DRAM業界では、韓国の大手2社も大増産計画を打ち出したばかりでヒートアップ状態だ。こうした中、マイクロンの新たな生産施設の起工式に参加した赤澤亮正経済産業大臣は、「国内にAI向け半導体のサプライチェーンを完成させたい」と、半導体企業への支援を継続する意向を示した。

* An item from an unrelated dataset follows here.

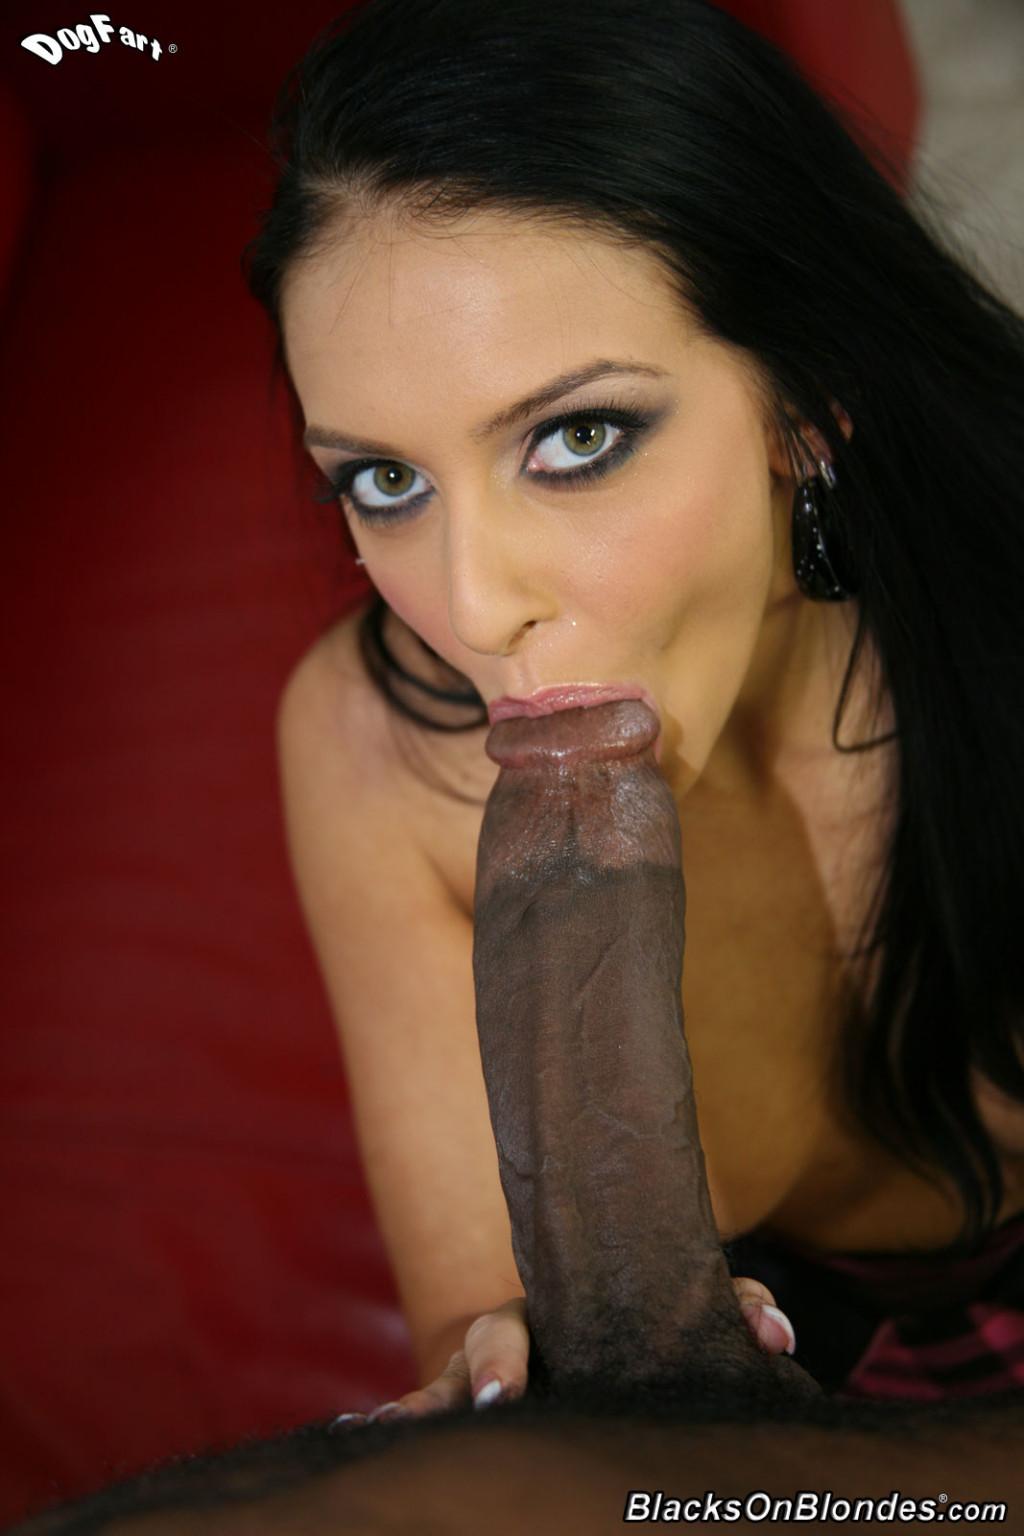 Stephanie cane interracial pornstar from dogfartnetwork
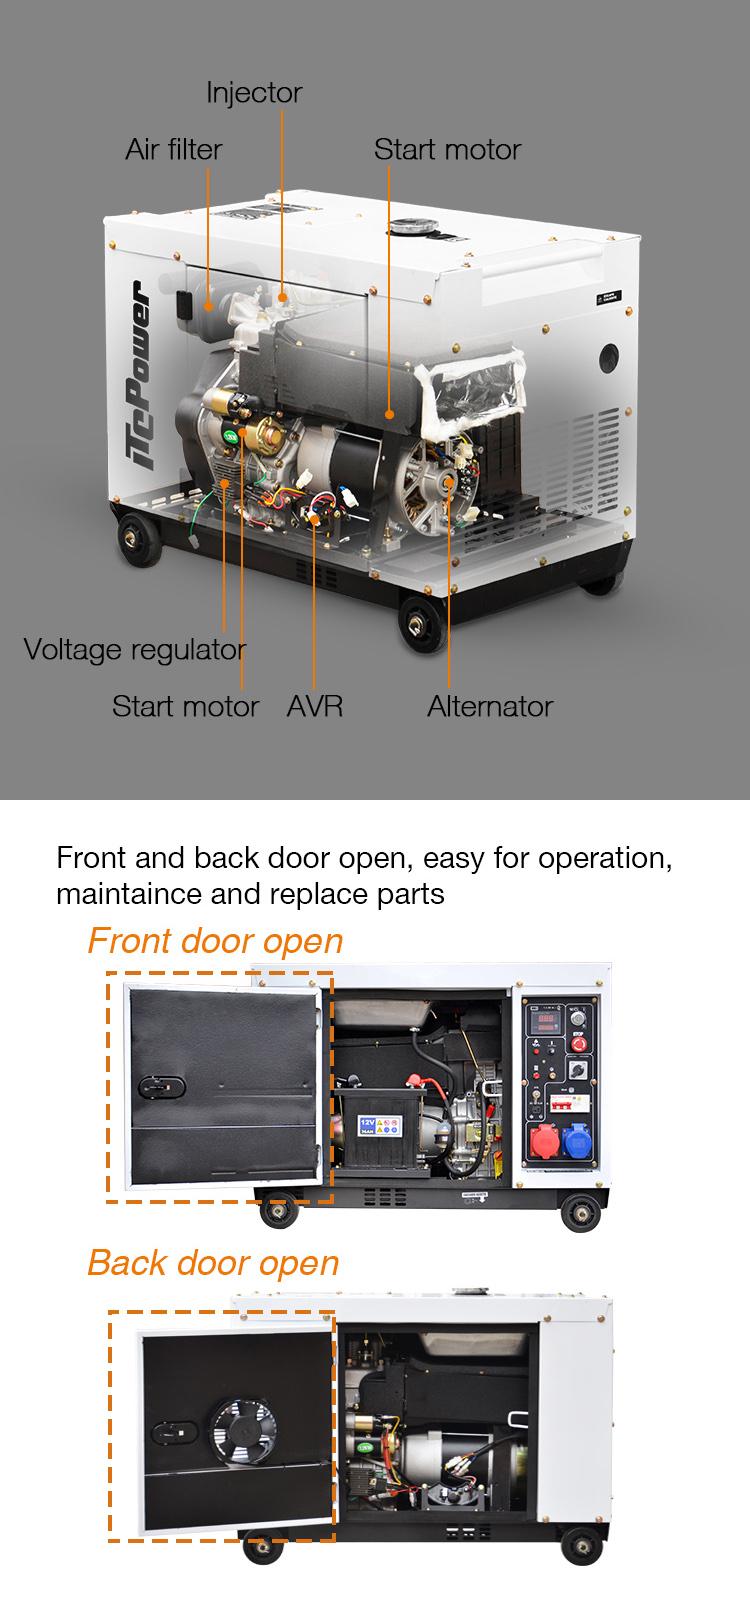 Air cooled 5KW ITC - แบบพกพาเครื่องกำเนิดไฟฟ้าดีเซลเงียบเครื่องกำเนิดไฟฟ้าดีเซล

  • 新クリーンルームの外観写真。完成予想図であり、今後変更される可能性がある 画像提供:マイクロンテクノロジー

    新クリーンルームの外観写真。完成予想図であり、今後変更される可能性がある 画像提供:マイクロンテクノロジー

メロートラCEO「マイクロン初のHBM生産を行う広島は重要拠点」

マイクロンが新設する生産施設は段階的に建設され、第一期工事面積は約2万8,000平方メートルで、2028年後半にはEUV露光機などの設備搬入をはじめる。経産省はマイクロンに最大5,360億円の助成を行うが、これまでの設備投資と研究開発に関する2回の助成を合わせれば、約7,700億円にのぼる。

同日行われた起工式には、サンジェイ・メロートラマイクロン社長兼 CEOや赤澤亮正経済産業大臣のほか、岸田文雄元首相、ソフトバンクグループの孫正義会長兼社長ら約300人が参席した。メロートラ社長は、「日本初のEUVリソグラフィを使った量産、マイクロン初のHBM生産を行うなど、広島は重要拠点。研究と生産が同じところにあるのが大きな強みになっている」と、あいさつした。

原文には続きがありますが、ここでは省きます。